Toujours conformément aux termes de la Constitution du 27 janvier 2014, le président de la République assure la présidence du Conseil national de sécurité auquel siègent le chef du gouvernement, le président de l’Assemblée des représentants du peuple et le haut commandement des forces armées. C’est aussi à lui que revient de déclarer la guerre et de conclure la paix, après accord de l’Assemblée des représentants du peuple à la majorité des trois cinquièmes. Il ratifie, également, les traités, décerne les décorations et exerce le droit de grâce.

Le président de la République nomme et décharge de ses fonctions le Mufti de la République. Il décide des nominations et des limogeages dans les hautes fonctions de la Présidence de la République et des institutions qui en relèvent, de même que des nominations et limogeages dans les hautes fonctions militaires, après consultation du chef du gouvernement.

C’est aussi à lui que revient de nommer le gouverneur de la Banque centrale, sur proposition du chef du gouvernement. Il promulgue les lois et en ordonne la publication au Journal officiel de la République tunisienne. Ce sont là, en gros, les principales attributions du président de la République.

Importantes, elles sont indubitablement. Mais, chaque fois qu’il s’agit d’un domaine sensible ou vital, on remarque que le chef de l’Etat n’a pas, constitutionnellement parlant, la possibilité de prendre seul les décisions et mesures qui s’imposent. Dans le cas d’espèce, en effet, il est tenu de consulter le chef du gouvernement et, parfois, obtenir l’aval de l’Assemblée des représentants du peuple.

Il est tout aussi frappant de remarquer, au vu des tâches et attributions du président de la République, qu’il n’a aucune prise directe sur l’action gouvernementale, ni même sur les choix et les dossiers de développement. Il n’est pas du tout concerné, non plus, par le fonctionnement des organes administratifs et des services publics, dans tous les domaines et secteurs.

La Constitution donne en effet au chef du gouvernement la latitude de fixer la politique générale de l’Etat hormis en matière de défense et de relations étrangères. D’autre part et en application de l’article 92 de la Constitution, c’est le chef du gouvernement qui crée, modifie et supprime les ministères et les secrétariats d’Etat dont il fixe lui-même les attributions. Il limoge un ou plusieurs membres du gouvernement et statue sur leur éventuelle démission.

La création, la modification ou la suppression d’entreprises et d’établissements publics restent eux aussi du ressort du chef du gouvernement qui procède également aux nominations et aux limogeages dans les hautes fonctions civiles. Il dirige l’administration et conclut les accords internationaux à caractère technique.

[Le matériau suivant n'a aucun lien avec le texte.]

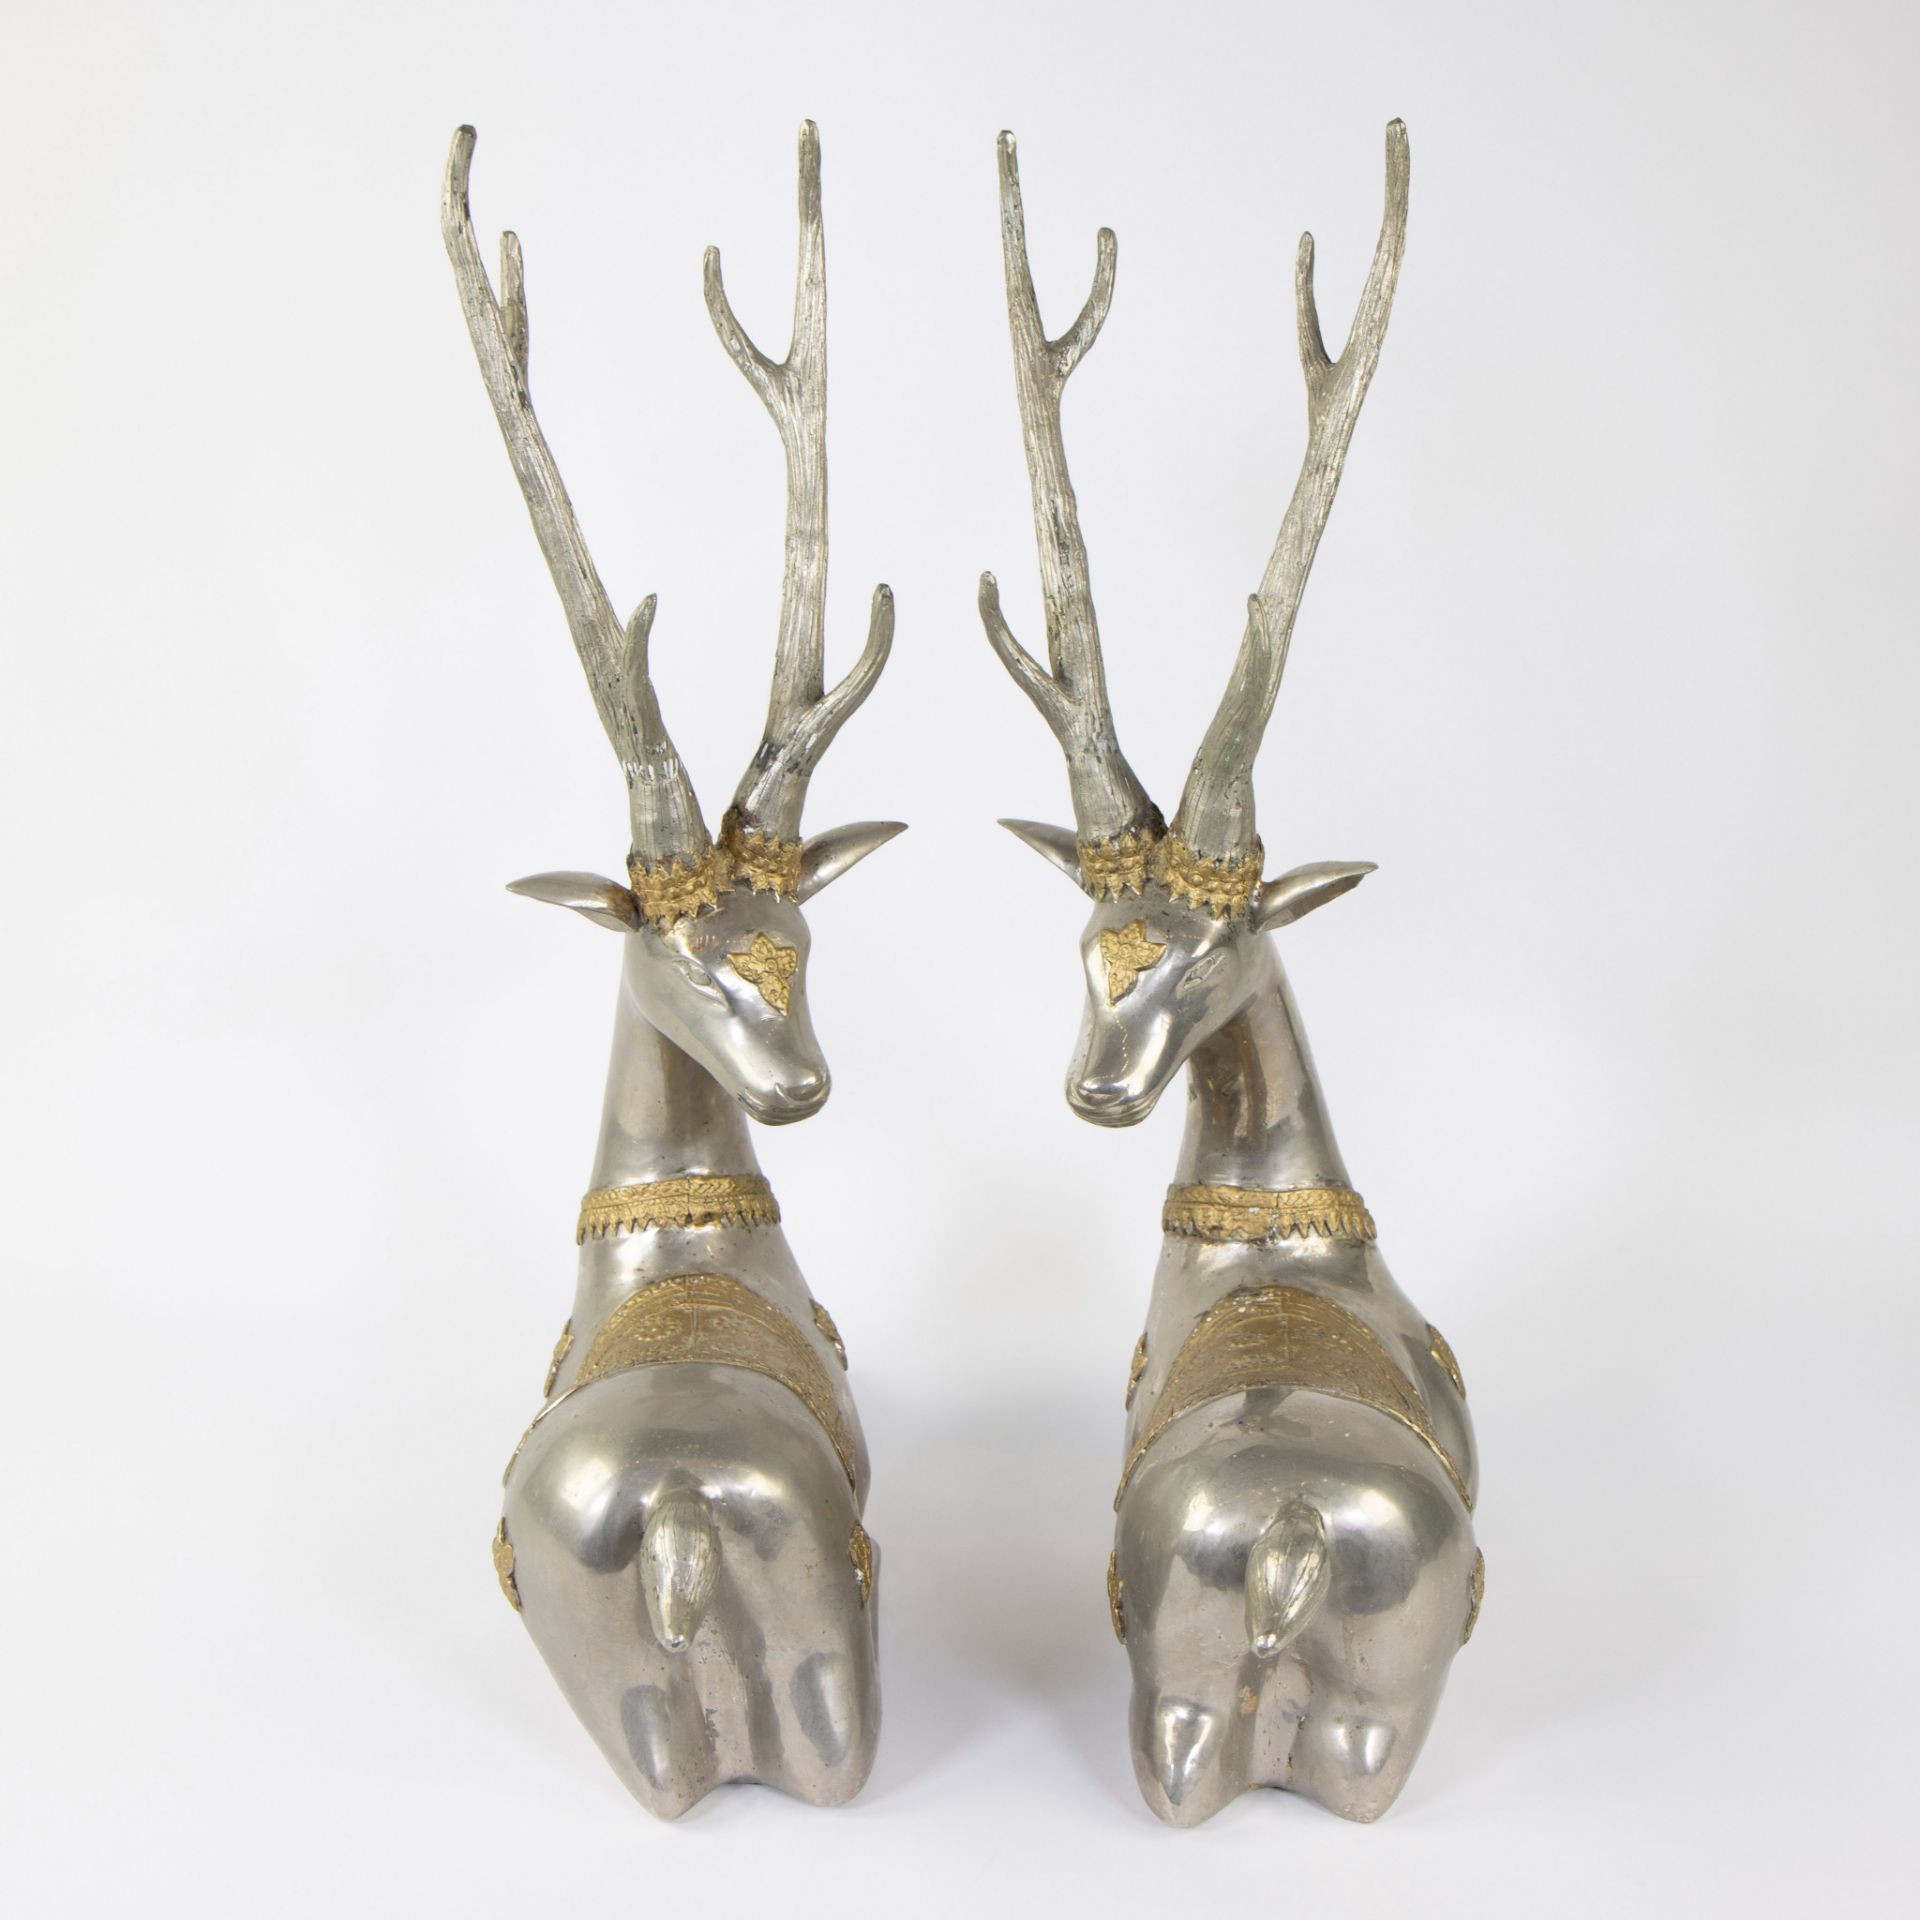 Pair of silver-plated and gilded deer in brass - Image 4 of 5

Le chef du gouvernement exerce le pouvoir réglementaire général et signe les décrets individuels après délibération en conseil des ministres. C’est dire combien sont étendus les pouvoirs et compétences du chef du gouvernement qui reste le premier responsable des choix, orientations et politiques dans les divers domaines, ainsi que de leur mise en oeuvre. De ce fait, il assume la responsabilité de leur succès comme de leur échec.

Aussi, la politique générale de l’Etat, de même que les choix, plans et mécanismes destinés à la concrétiser restent-ils hors du champ de compétences du président de la République. Les temps sont déjà lointains où le président de la République avait seul la haute main sur le pouvoir exécutif et les rouages de l’Etat et en fixait les choix, comme ce fut très longtemps le cas. En ces temps là, il cumulait, de fait, les fonctions de chef de l’Etat et de chef du gouvernement.

La Constitution du 27 janvier 2014 veut que le pouvoir exécutif soit exercé par le président de la République et un gouvernement présidé par un chef du gouvernement. Mais, là encore, force de constater que la majeure partie des compétences liées à l’exercice du pouvoir exécutif revient au chef du gouvernement qui n’a pas de comptes à rendre au président de la République. La seule autorité habilitée à lui demander des compter voire à lui retirer la confiance, c’est l’Assemblée des représentants du peuple.